Aim of the exercise:
Please repeat the whole listing exactly, but leave out any picture it holds.

The input:
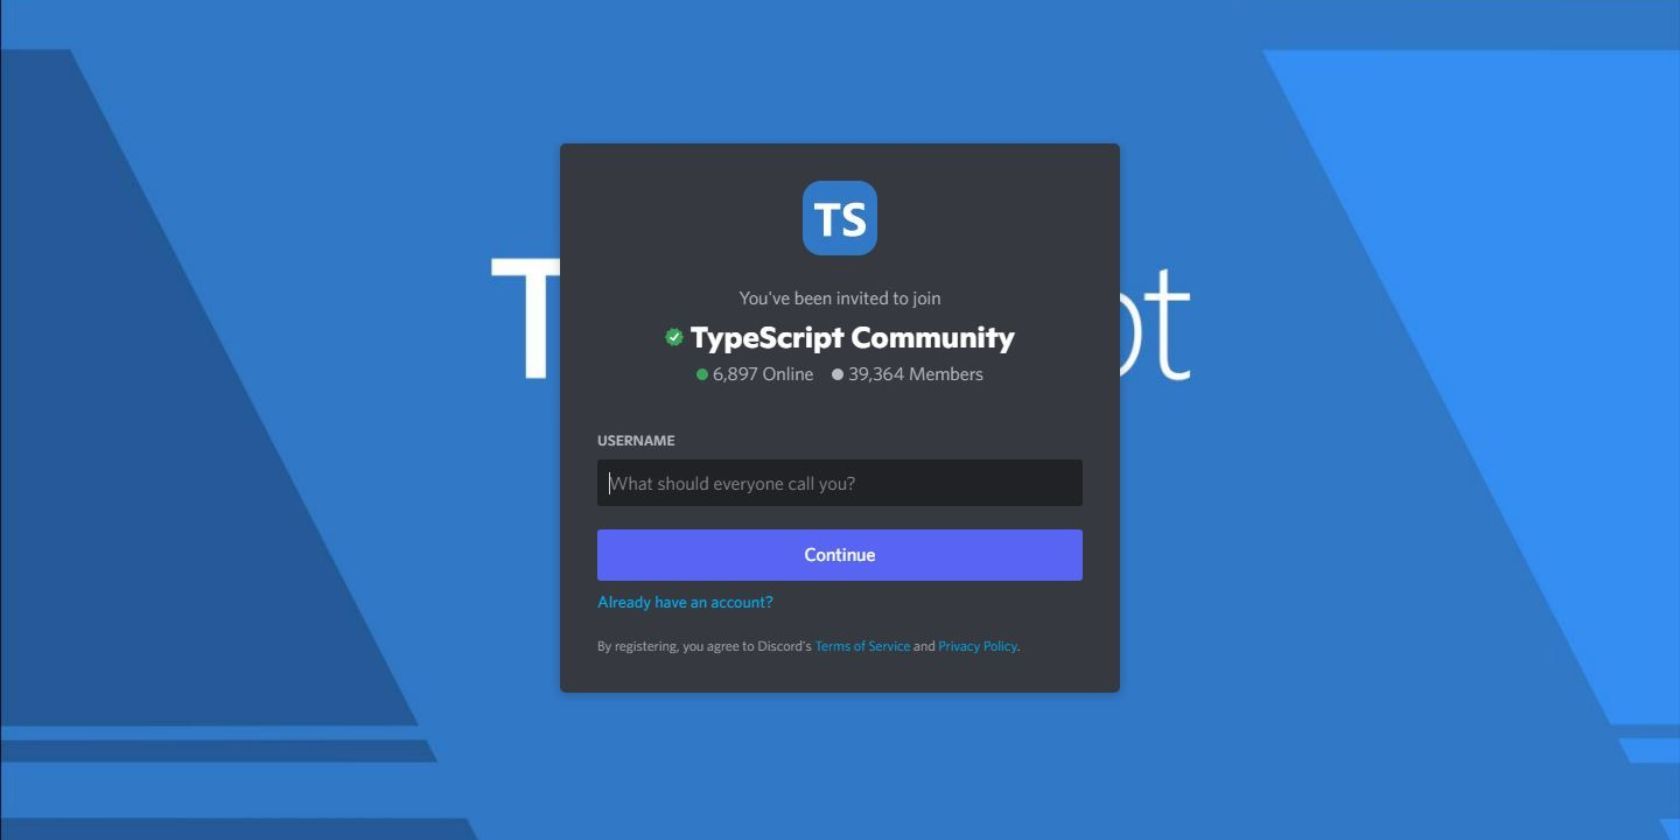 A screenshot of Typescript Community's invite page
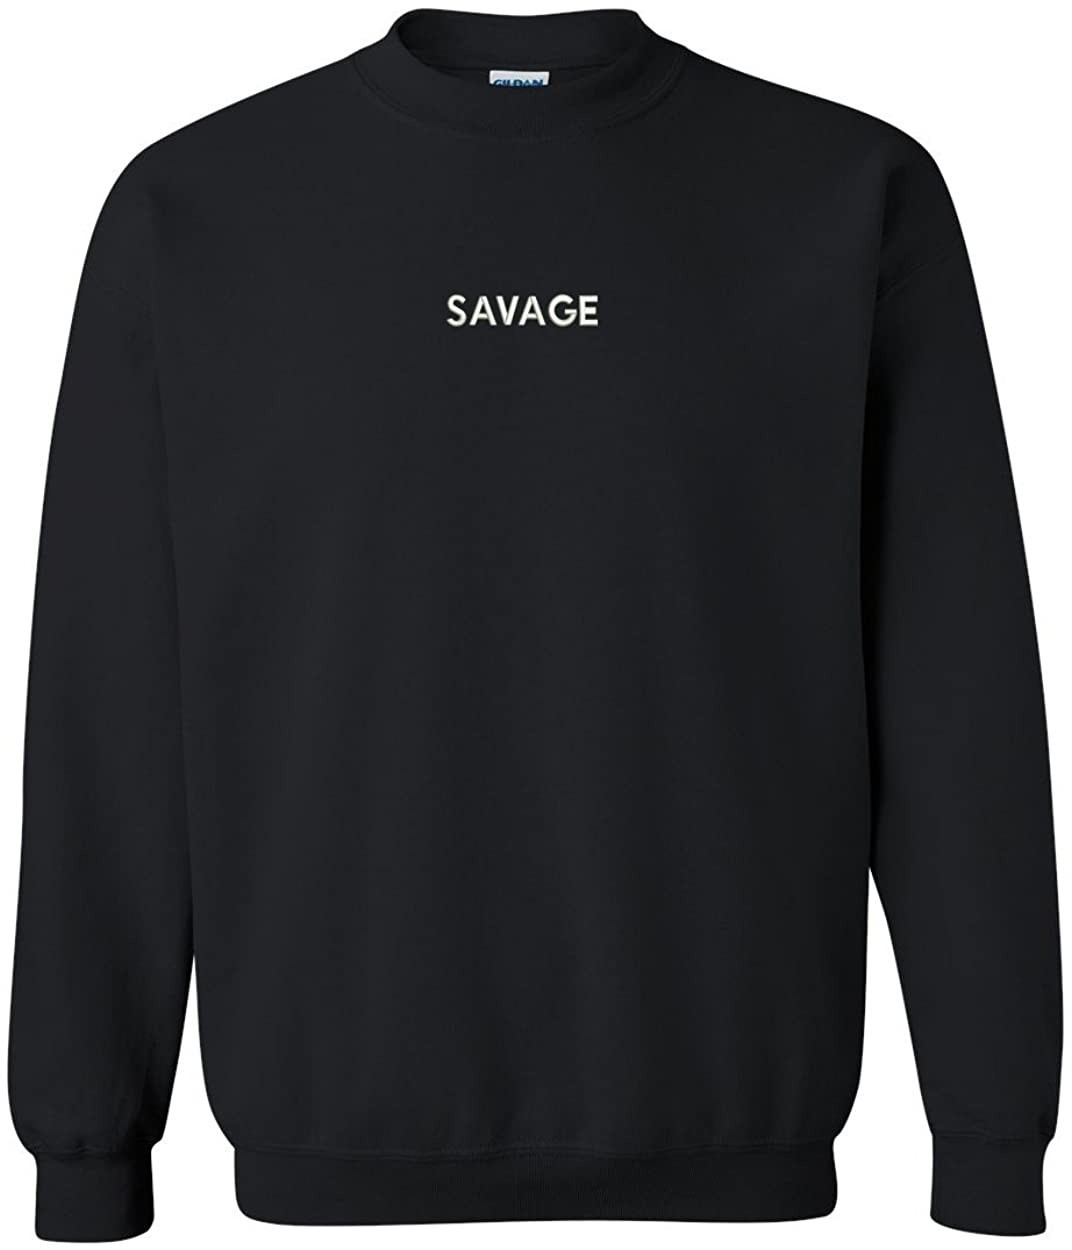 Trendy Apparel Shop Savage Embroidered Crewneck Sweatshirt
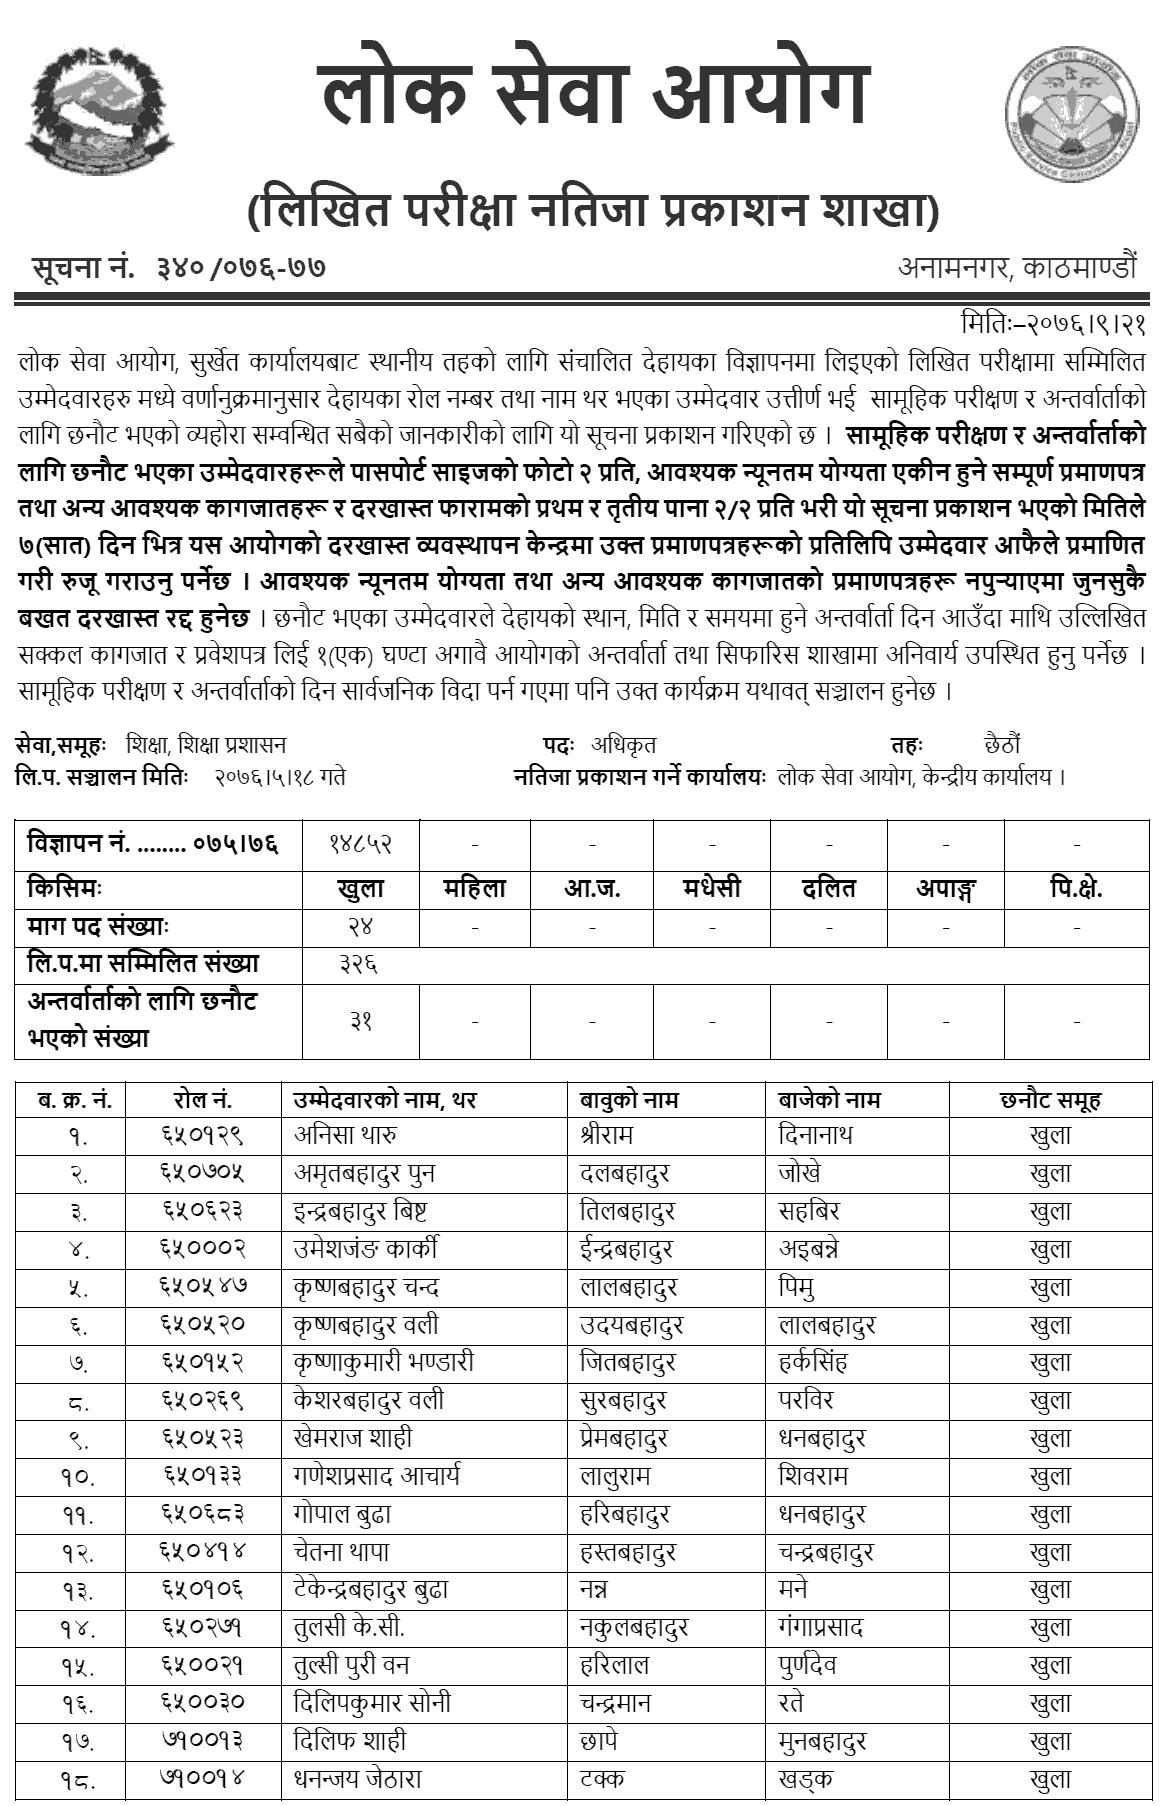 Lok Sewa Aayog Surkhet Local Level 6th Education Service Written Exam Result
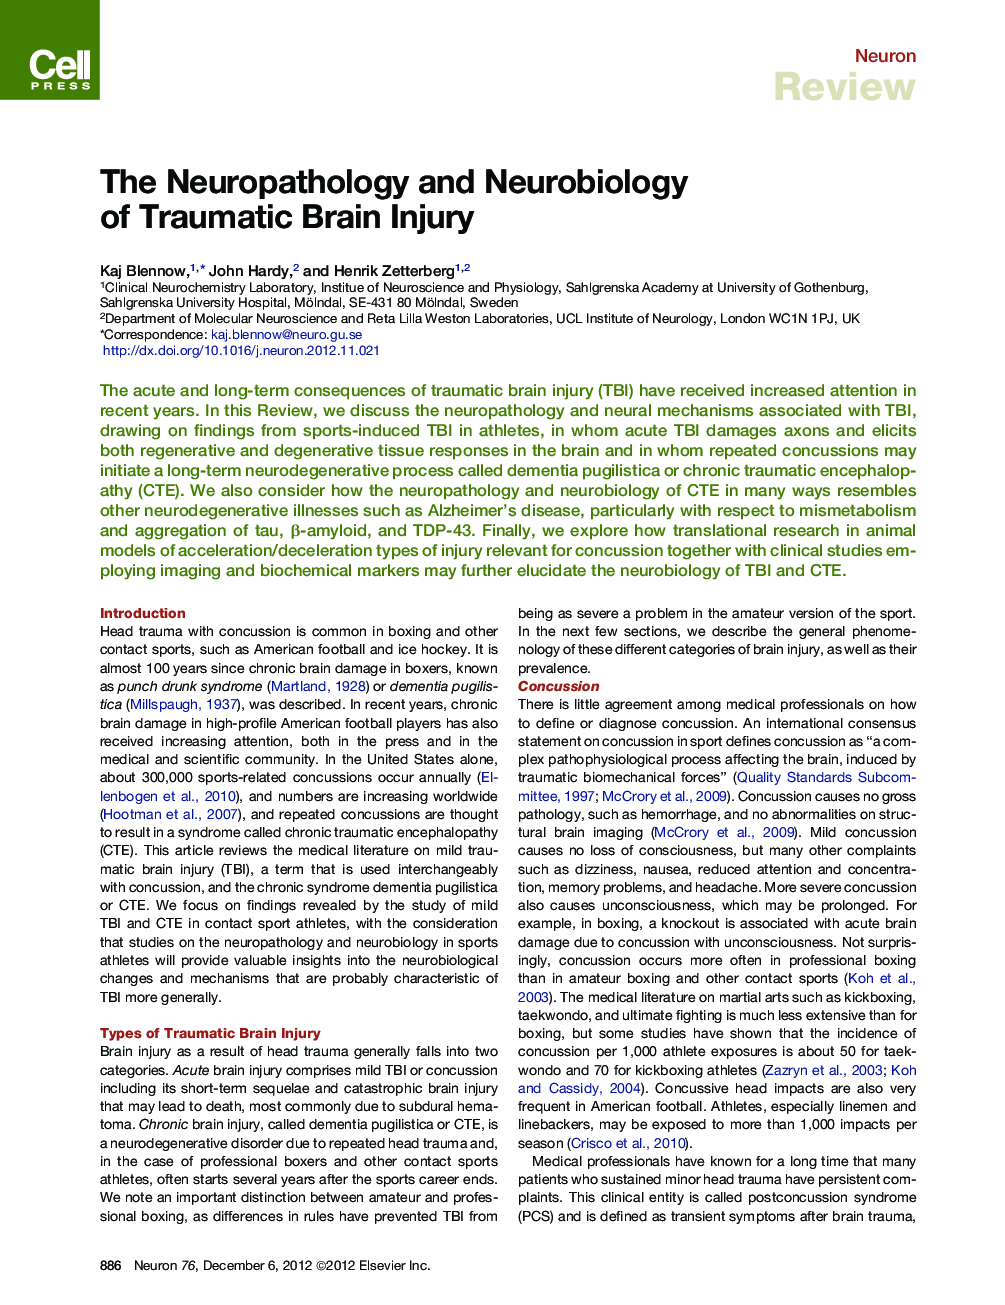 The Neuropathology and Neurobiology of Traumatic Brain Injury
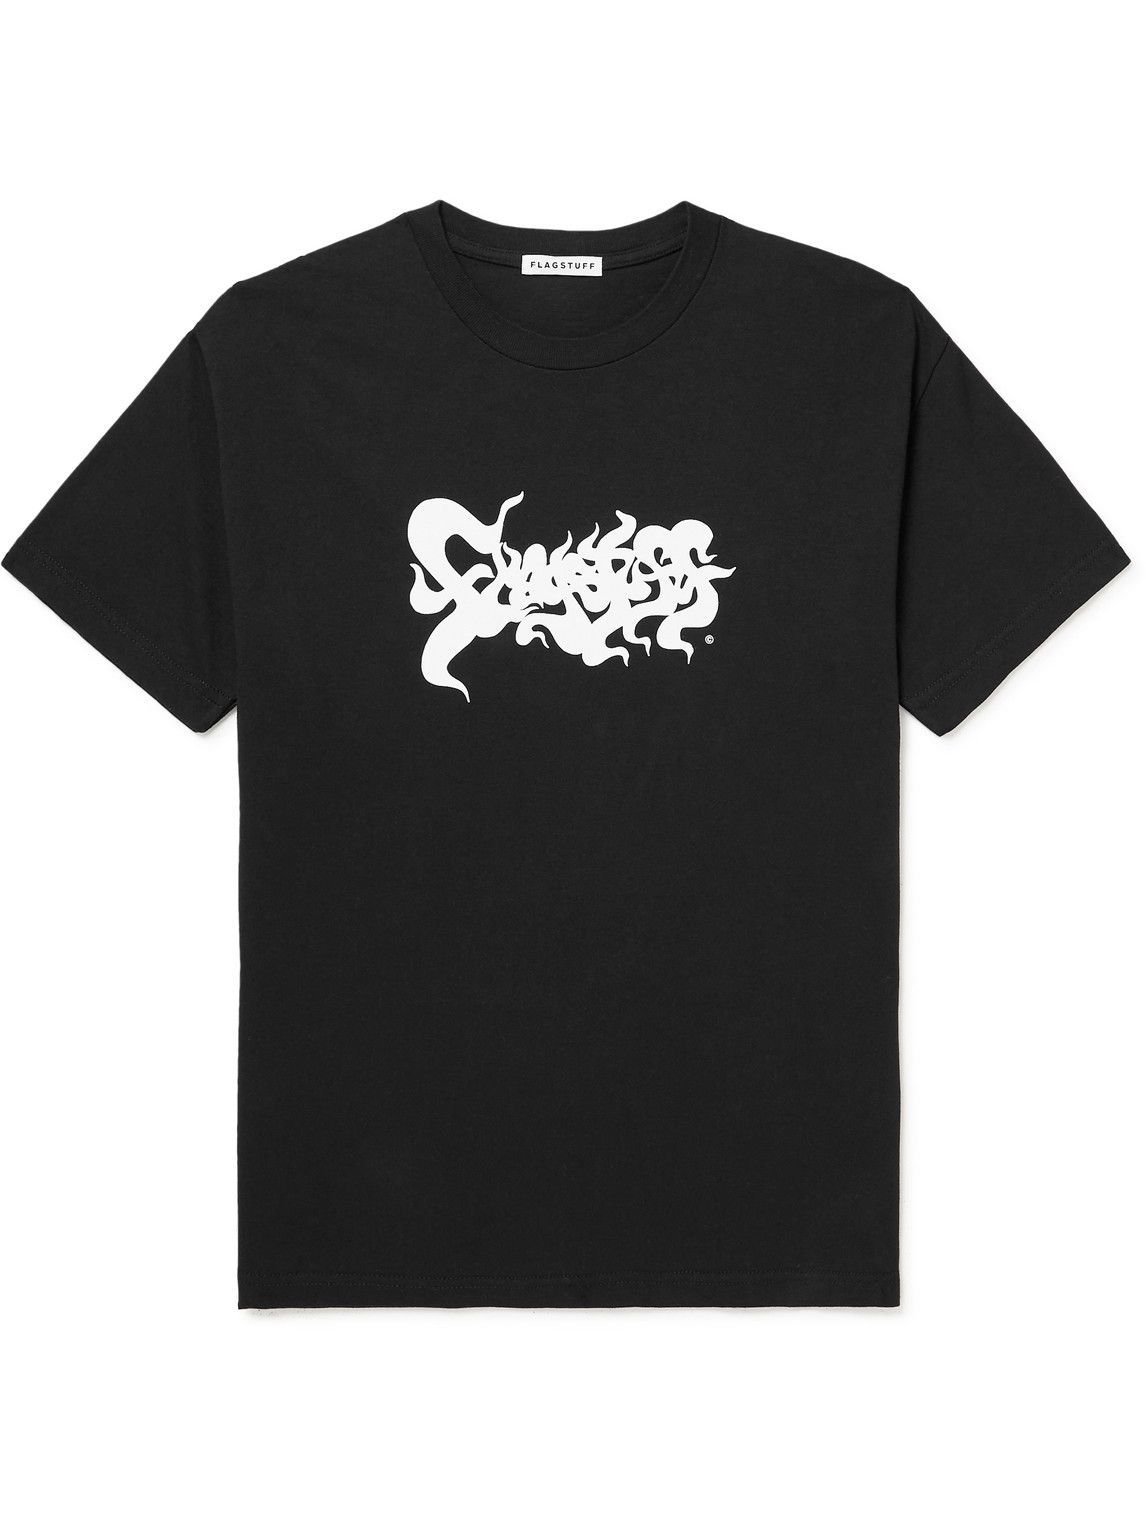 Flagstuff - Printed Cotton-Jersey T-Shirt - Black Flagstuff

The completed task:
 A screenshot of Typescript Community's invite page
 Trendy Apparel Shop Savage Embroidered Crewneck Sweatshirt
 Lok Sewa Aayog Surkhet Local Level 6th Education Service Written Exam Result
 The Neuropathology and Neurobiology of Traumatic Brain Injury
 Flagstuff - Printed Cotton-Jersey T-Shirt - Black Flagstuff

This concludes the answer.